It's been a wild few days for crude but one energy analyst sees one of the biggest buying opportunities for oil and oil-related companies.
After rallying some 25 percent from the middle of last week through Monday, the price of a barrel of oil (CLV15.NYM) dropped 8% on Tuesday. Manufacturing data from China added to worries about the country’s economic growth and demand for energy.
The supply side also shows the potential for lower crude pries in the near term, according to Ted Izatt, chief strategy officer at SDKA International. He sees expected additional oil from Iran, Iraq, and not much decline from American producers are harkening back to another time in crude’s history – 1998, when barrels traded below $11.
“I’m not saying they will go down that far,” Izatt said. “I’m just pointing out that the situation is such that they could go down. I think that when you get down to the low $40s, $30s, that’s a much more reasonable situation.”
Comparing oil to the natural gas energy equivalent would price crude in the high $20 level, claims Izatt. “There is definitely a little more downside risk here near term,” he concluded.

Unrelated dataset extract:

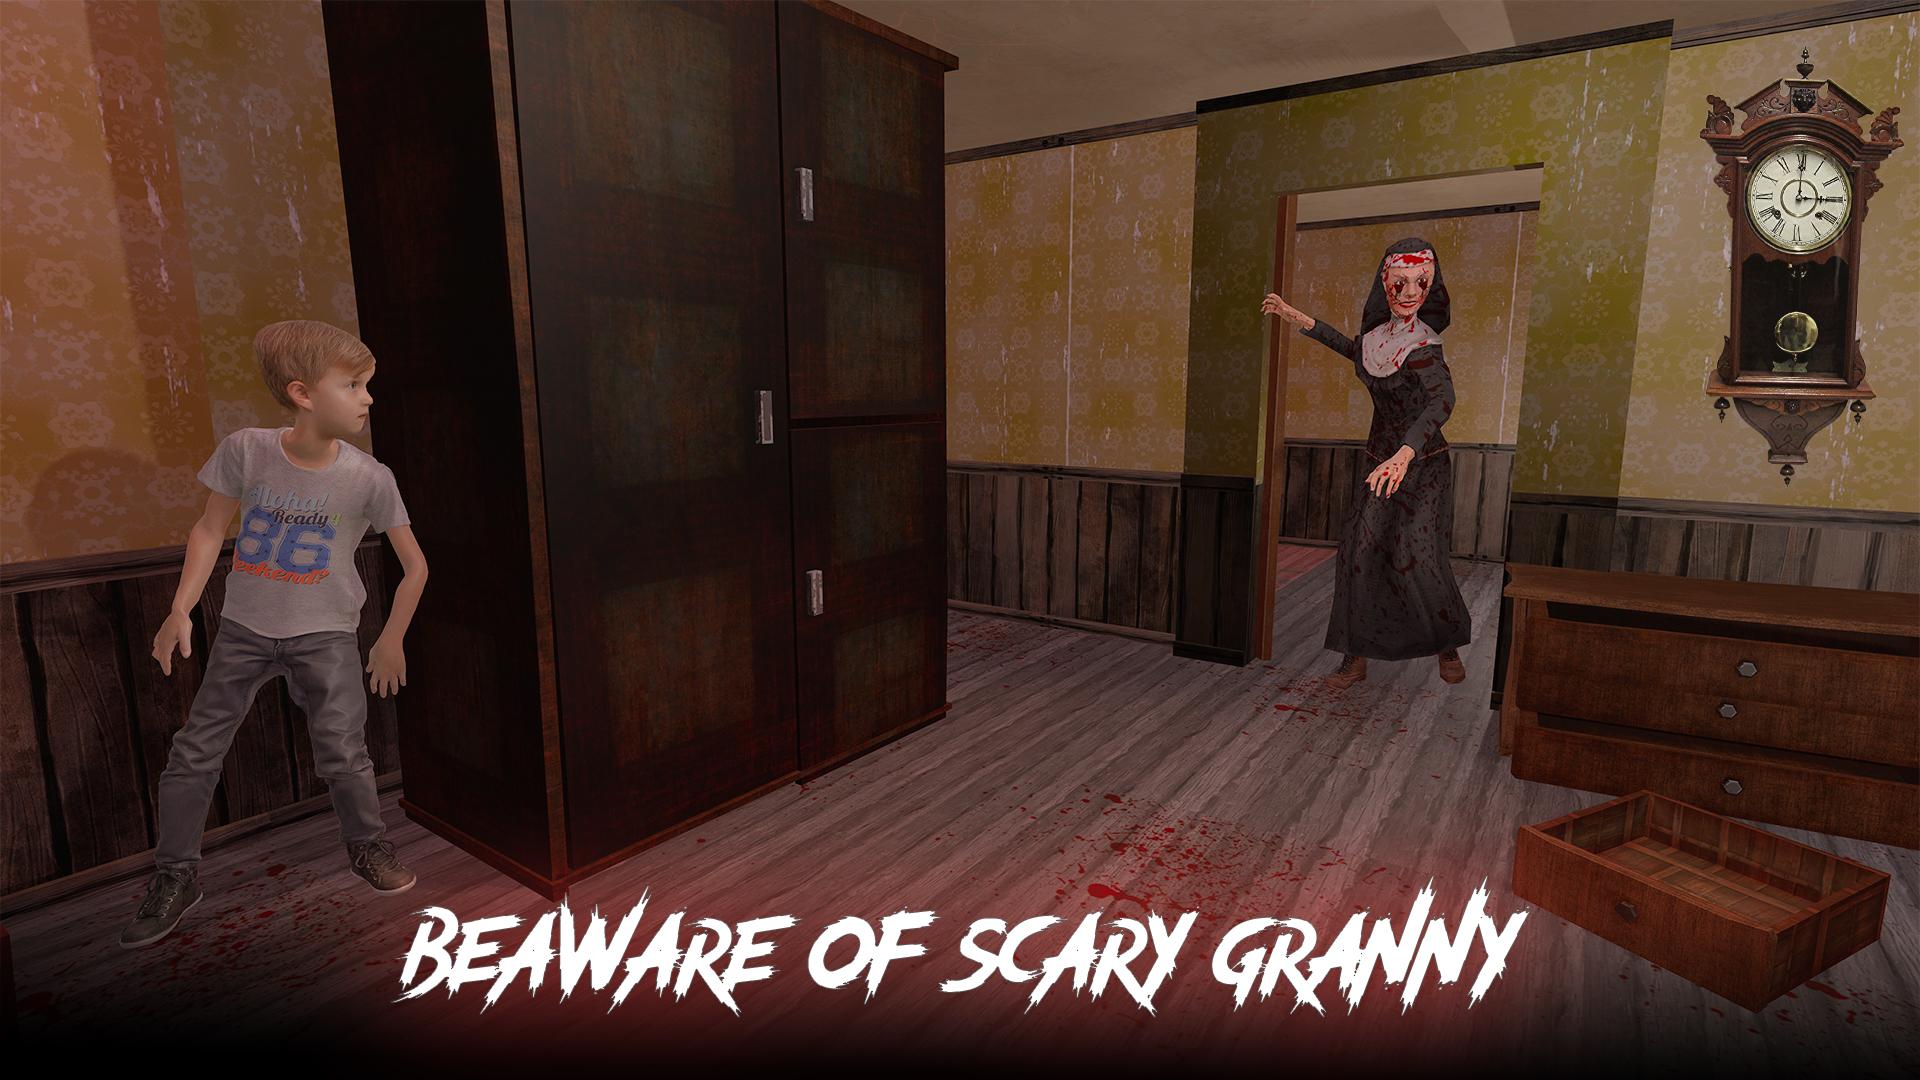 Scary granny Horror 2 Mod APK V1.0 (новый мод). Прохождение Scary granny -Hide and seek. Как убрать гренни из игры
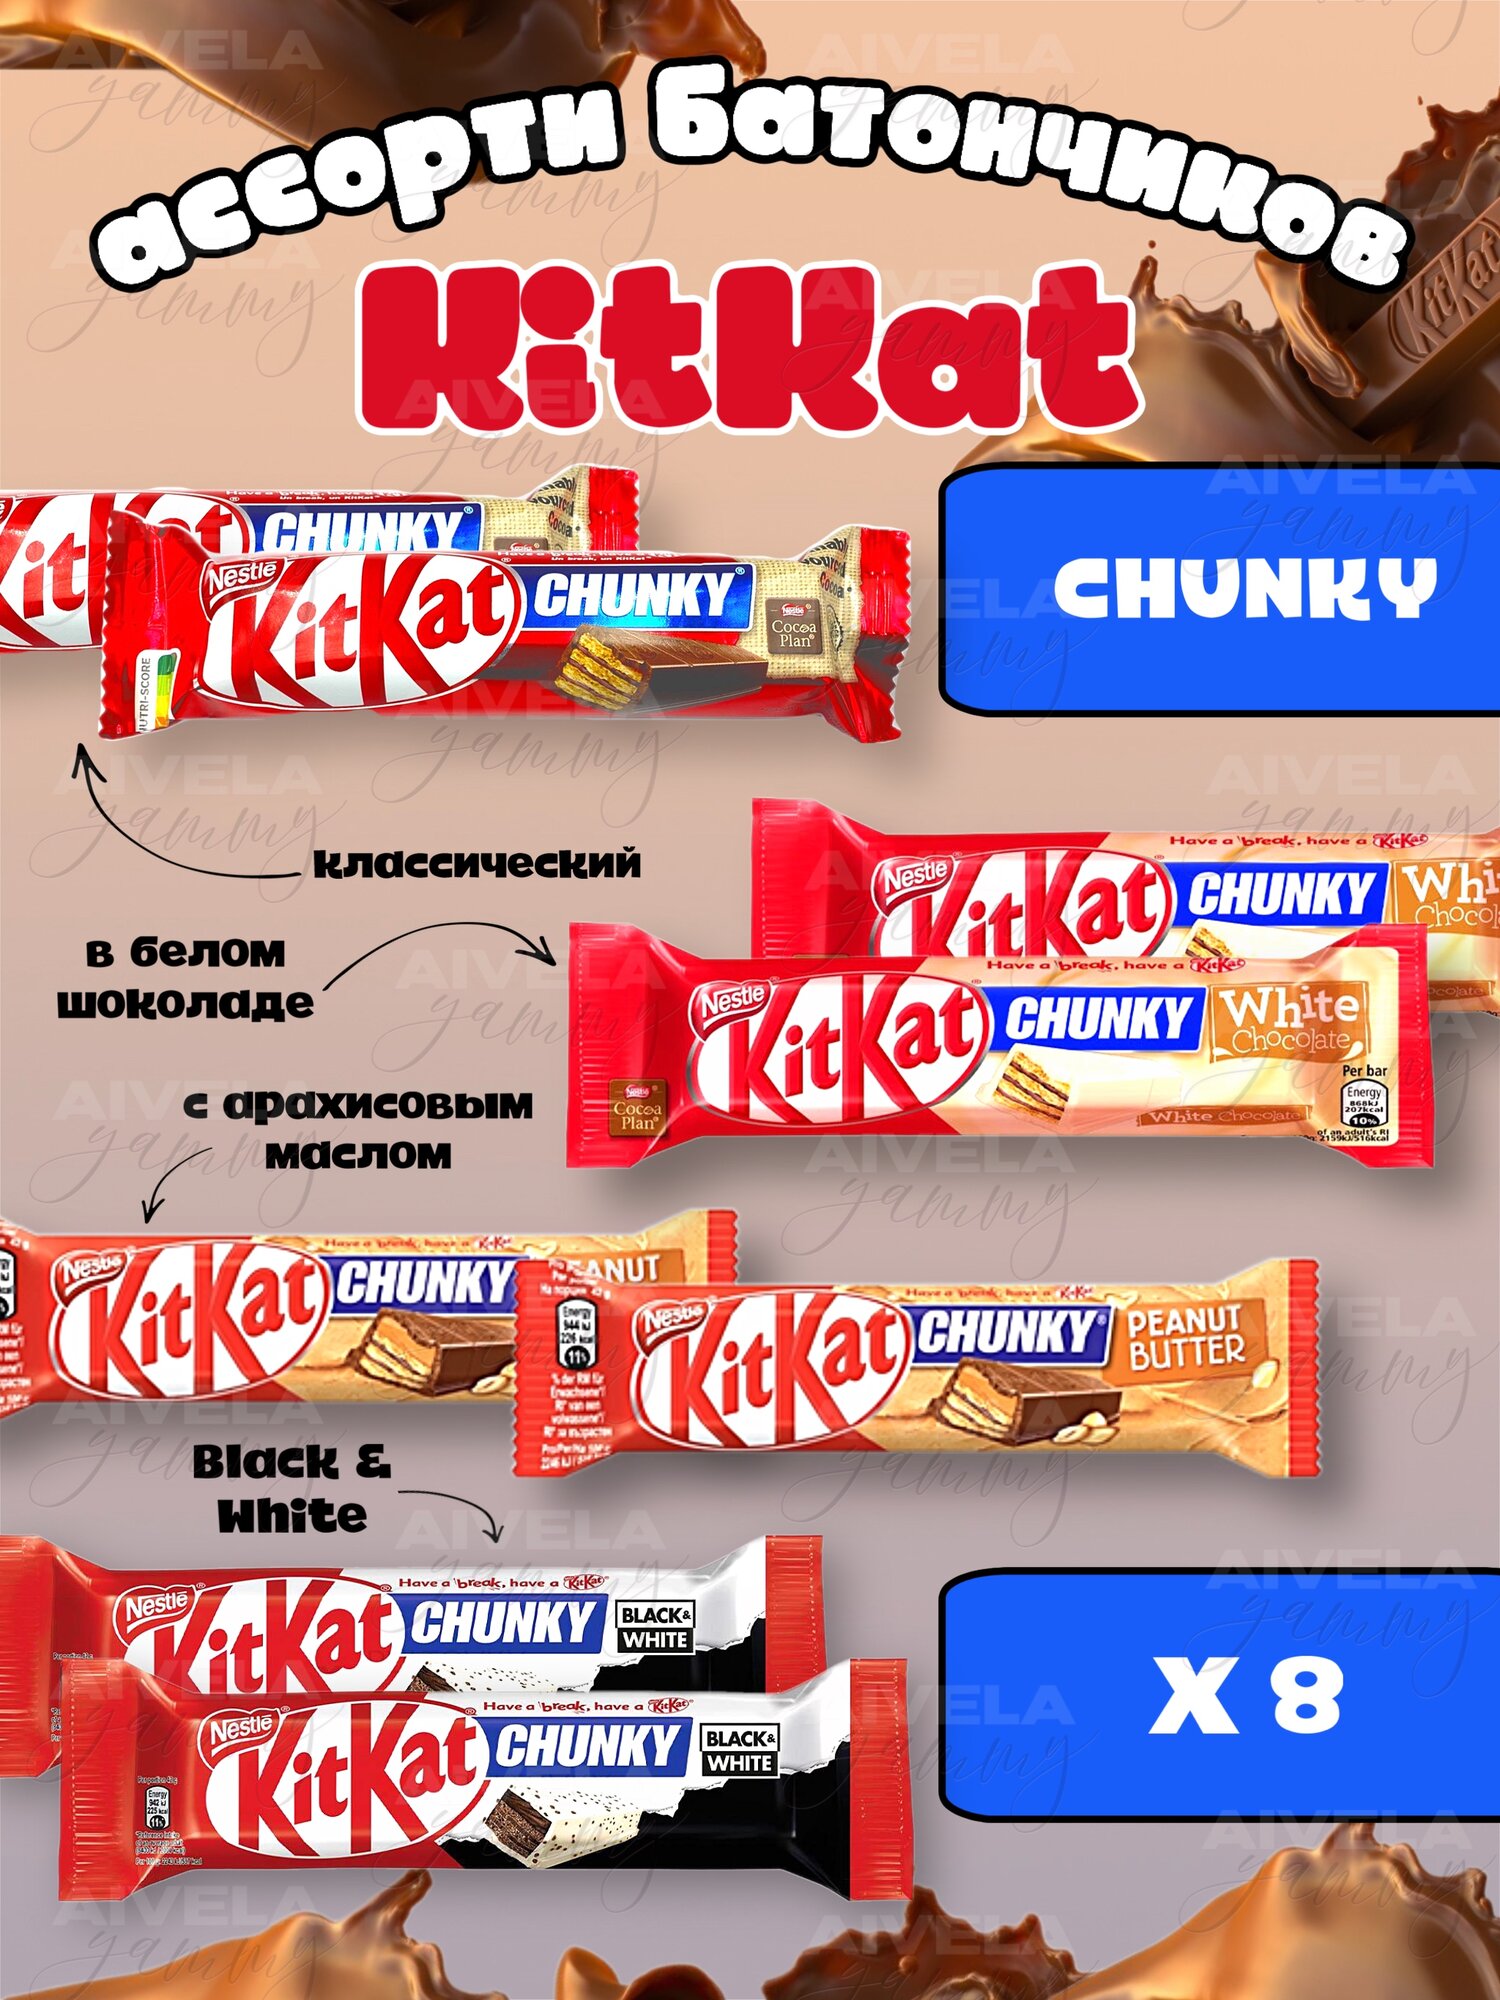 Шоколадный батончик KitKat Chunky / Киткат шоколад / Сладости из европы в упаковке

Lower prices will have a stimulus effect on global growth, Izatt predicted.
“There is over $6 billion a day of money going back into the [global] economy because of these lower oil prices,” he said. “That will take time for us to see but you are going to see better and better economic numbers due to that.”
But he also anticipates that lower prices will also lead producers like OPEC, Russia, and the United States will simultaneously pull back on supply. “You’re going to have a decline in production in the U.S. as capital spending is reduced," said Izatt.
The net result will be a rebound in in oil prices sometime in 2016. For Izatt, that makes oil and oil-related companies a buy.
“A reasonable price into next year might be in sort of the $50 to $60 range,” he said. “It’s hard to predict the exact timing of all these things. That why from an investor’s standpoint people need to be working their way into these investments now because it’s hard to know exactly when it will occur.”